The NEJM Catalyst Insights Council members responding to our recent Insights Report on data in health care say that genomic data will be among the top three most useful sources of health care data in 5 years — a substantial increase from how the survey respondents view genomic data today, as the least useful data source.
But for some Council members who are familiar with genomic data, a 5-year time frame for broad use of genomic data is wishful thinking.
“We use mostly the usual forms of data: claims reimbursement, utilization, and hospital admissions. We are nowhere near using genomic data,” says Mark Xuereb, MD, Senior Medical Director at Anthem BlueCross BlueShield in New York City.
Xuereb says genomic testing is not mature enough to be a trustworthy source of data to inform insurance decisions. “We use data sets to create, update, or change local health care guidance and guideline protocols,” he says. In using genomic data, “that’s where the problem can come in.”
In New York City, with so many different ethnic populations and unique socioeconomic factors, insurance companies must be very careful in studying each neighborhood’s disease states and utilization of health care resources. For instance, guidance and guideline protocols for neighborhoods with ethnic concentrations must account for endemic medical conditions. Xuereb says the cost to treat plan members based on their unique genetic code would be too high considering genomics’ nascent status.
Farther on the horizon — perhaps 10 years — Xuereb believes health care will be driven by external data such as population data coupled with genetic data. “The combination would allow individual providers and care givers to customize treatment according to the individual’s genetic makeup and environmental status,” he says.
Marco Huesch, MBBS, PhD, Vice Chair of Radiology Research and Director of the Center for Optimizing Radiology Value at Penn State Hershey Medical Center in Hershey, Pennsylvania, also is wary of predicting genomic data’s widespread use in 5 years.
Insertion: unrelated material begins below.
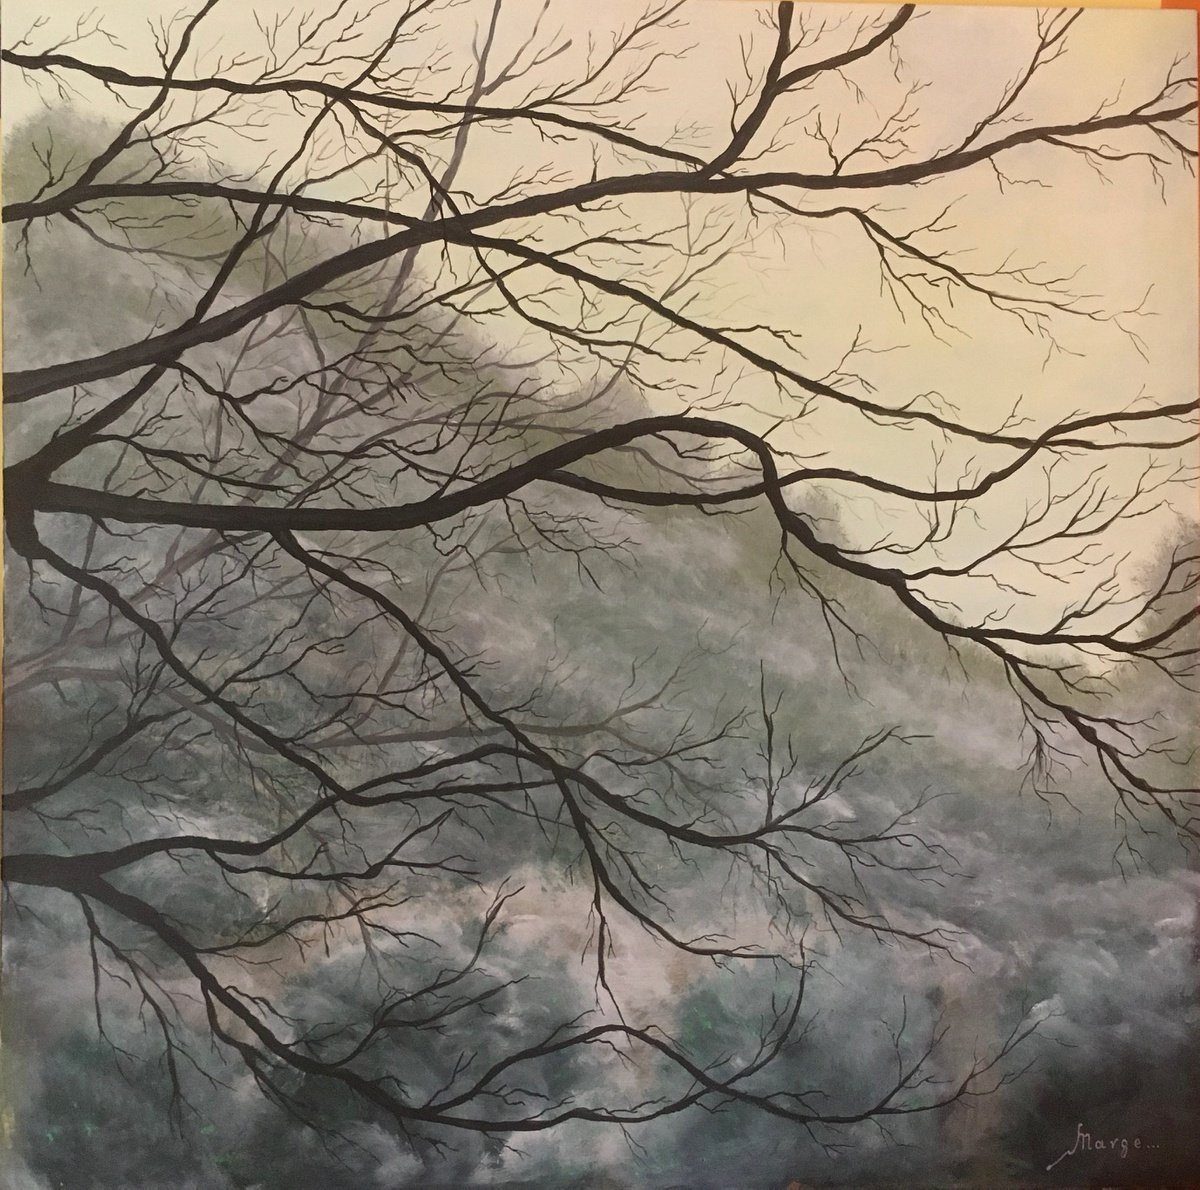 Μorning fog in the forest by Margarita Telianidis

Radiology at the medical center uses genomic testing in breast cancer risk stratification, diagnosis, and treatment, and the Penn State Hershey Institute for Personalized Medicine has a robust biorepository infrastructure with intensive genomics projects across clinical areas such as trauma, oncology, diabetes, and surgery. But until “organizations are collecting gene samples from everyone in a consistent manner,” Huesch doesn’t believe the use of genomic data will go mainstream.
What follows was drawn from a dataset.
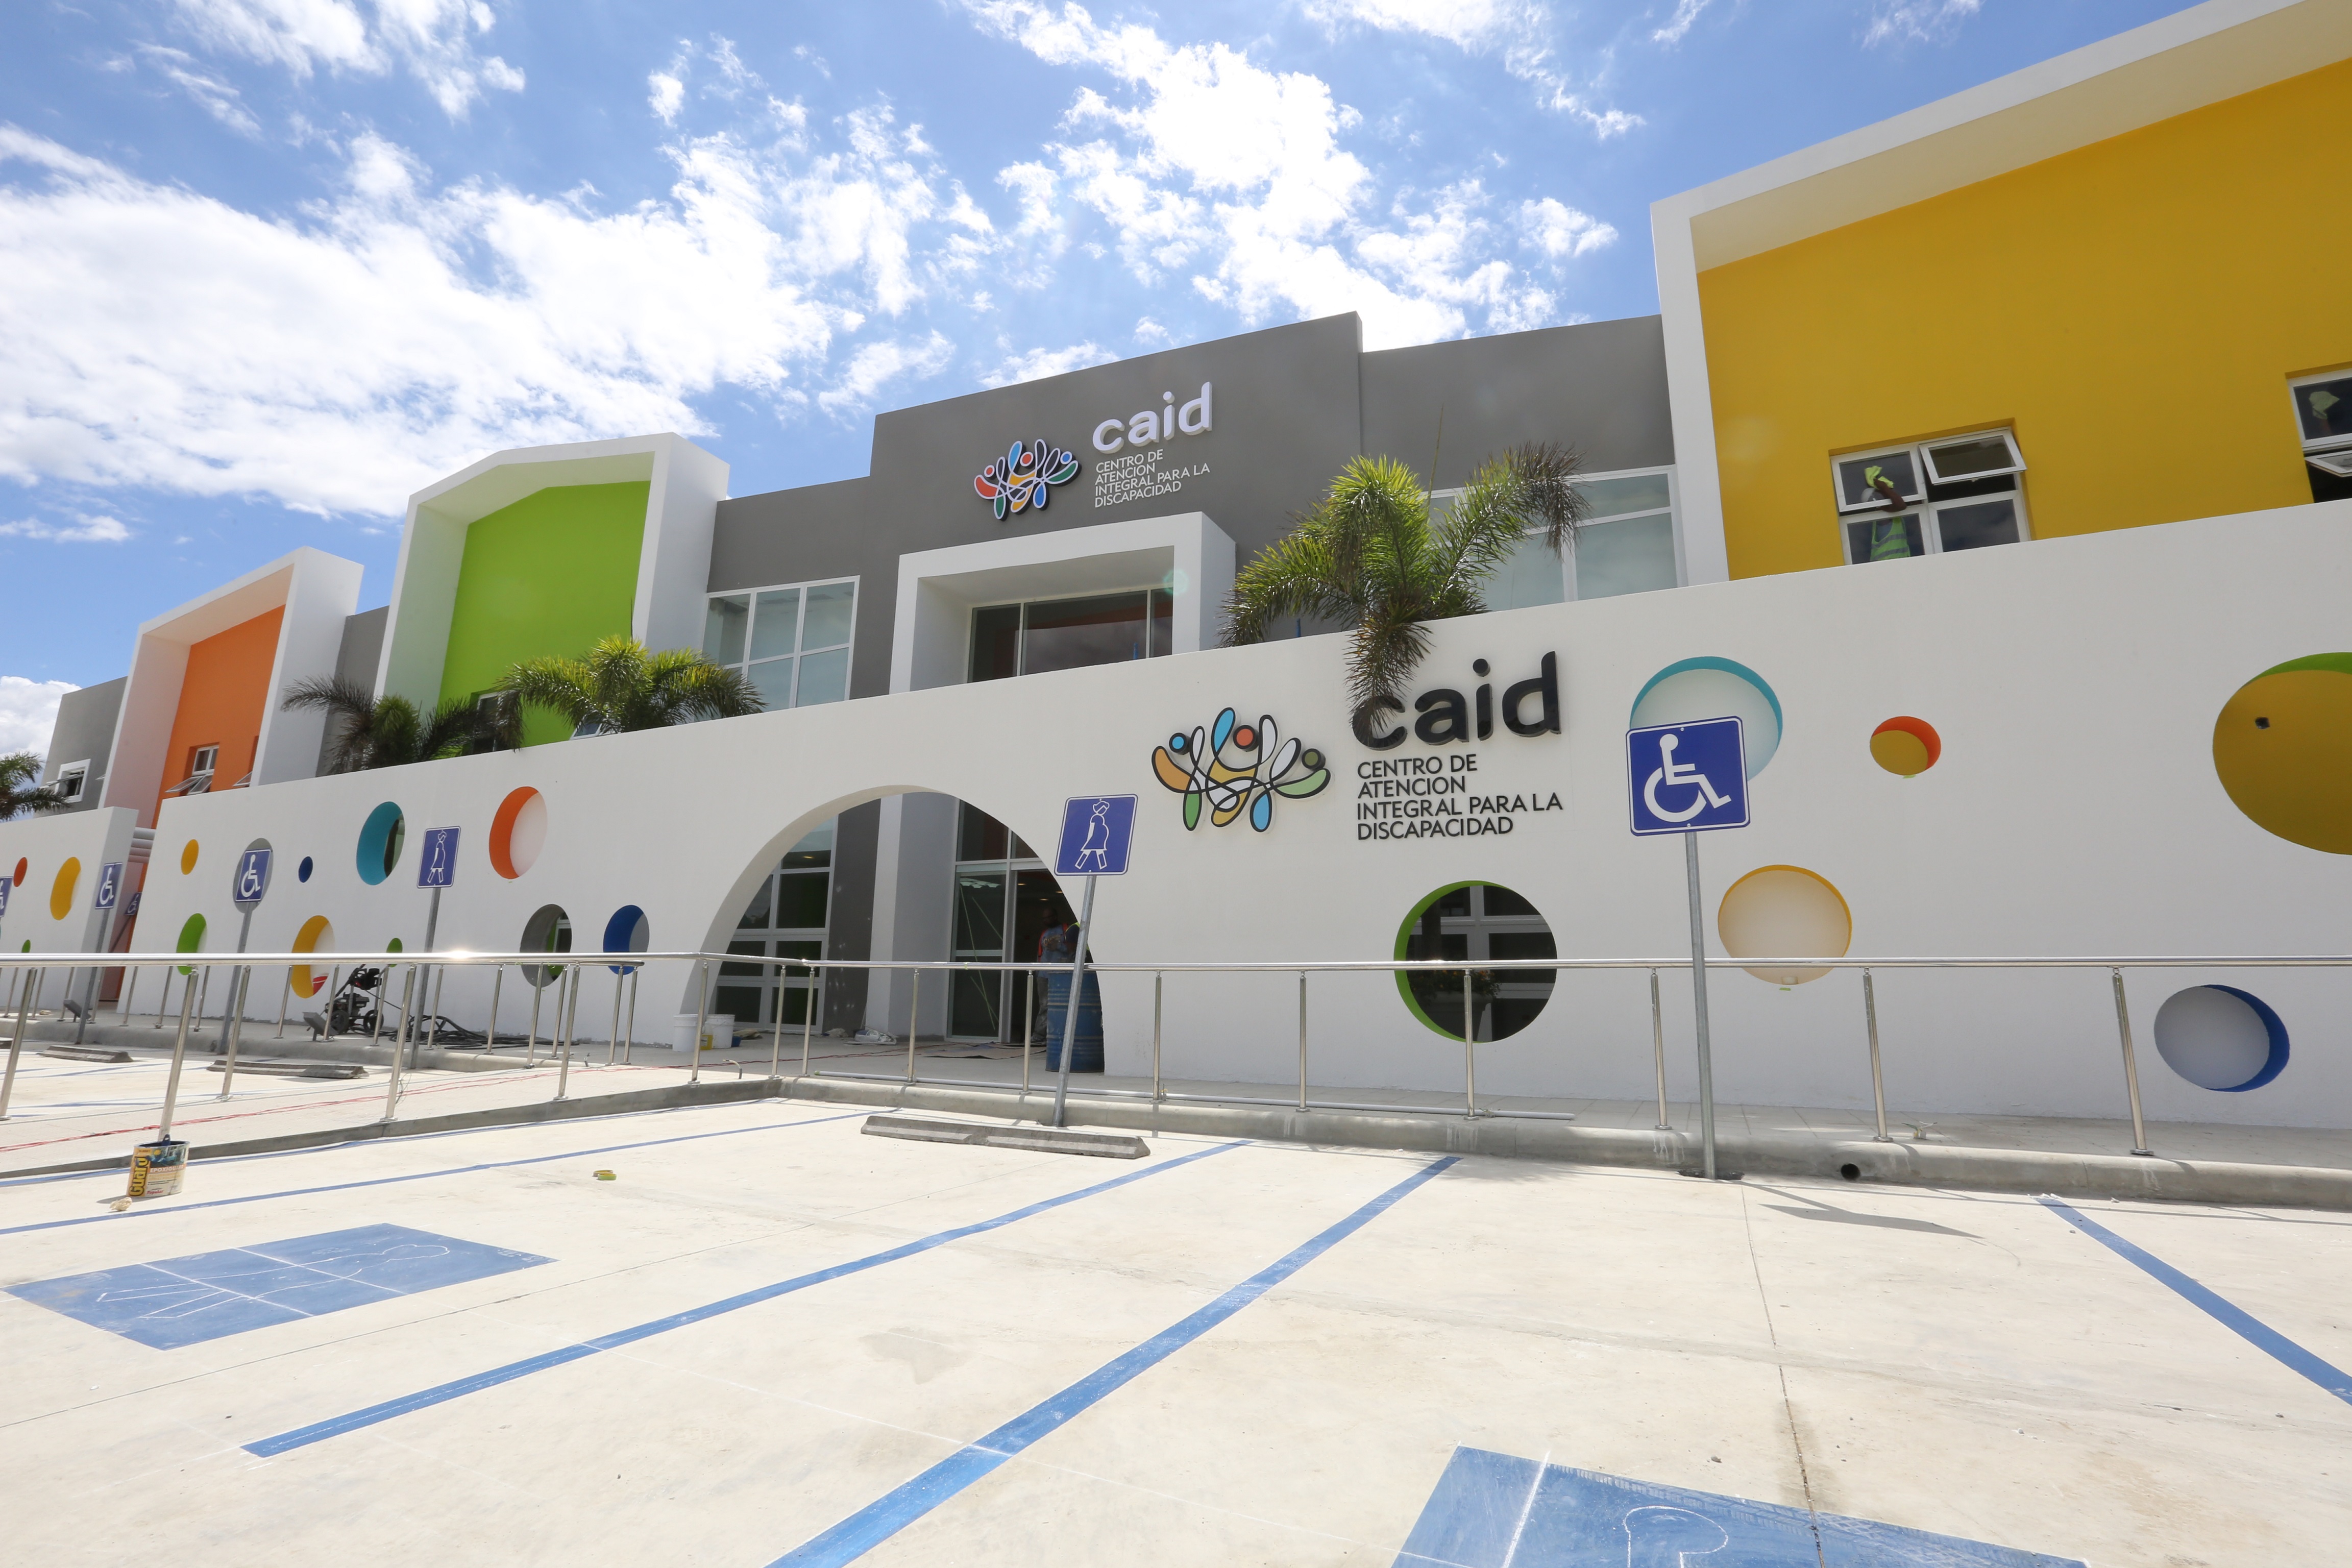  Suspenden hasta el lunes servicios en CAID Santo Domingo, Santiago y San Juan

Instead, he primarily uses clinical data from the electronic medical record system for predictive analytics — for example, gauging the likelihood of a patient to develop sepsis or the likelihood of a successful outcome for candidates for ECMO (extracorporeal membrane oxygenation) procedures. Because radiology touches 85% of the medical center’s patients, Huesch says his department is in a good position to gather and analyze data, as well as provide actionable insight for other medical teams.
Using 4 years of data, Huesch can model, with an 88% success rate, who is at high risk for sepsis. Sepsis, a dysregulated immune response to infection, occurs in 4% to 5% of patients and, of those, one in 8 or 10 will die. “It’s a high-profile condition and important for our institution — we hope to avoid terrible outcomes,” he says.
While Huesch might sprinkle in some external claims data (to compare outcomes against institutions across the state) and social media data (to understand sentiment about topics such as mammogram screenings), he has found the sweet spot is in using the organization’s own clinical data to improve the care of patients.
Christopher Dale, MD, MPH, Medical Director for Quality and Value at Swedish Medical Group, which is part of Providence St. Joseph Health, is carefully watching advances in genomic data in other parts of the large Seattle-based nonprofit health system. Swedish Medical Group is using genomic data to determine who would respond to certain cancer treatments. “Beyond that, our team has no plans to incorporate genomic data in the next year or two,” he says.
Swedish Medical Group’s current go-to data sources are in line with respondents to the NEJM Catalyst Insights Report, who name clinical data (chosen by 95%), cost data (56%), and claims data (45%) as their top three. Dale specifies, though, that because of the complexity of cost data, his organization uses item counts rather than their actual cost. For clinical data, Swedish Medical Group incorporates data from various registries in areas like obstetrics and surgical quality improvement.
Dale describes the organization’s big data vision as “reliable delivery of person-centered, high-value health at scale” but says it will be a journey to get there. He believes patient-generated data — which in the survey rises from fourth place to third in 5 years as a most useful source of health care data — will come into play much sooner than genomic data. “Wearables and patient-reported outcomes are a lot closer,” he says.
Right now, he’s focused on what most of his Insights Council peers are: making data and technology systems more interoperable. “There is a lot of work that needs to be done to realize the promise of big data,” he says.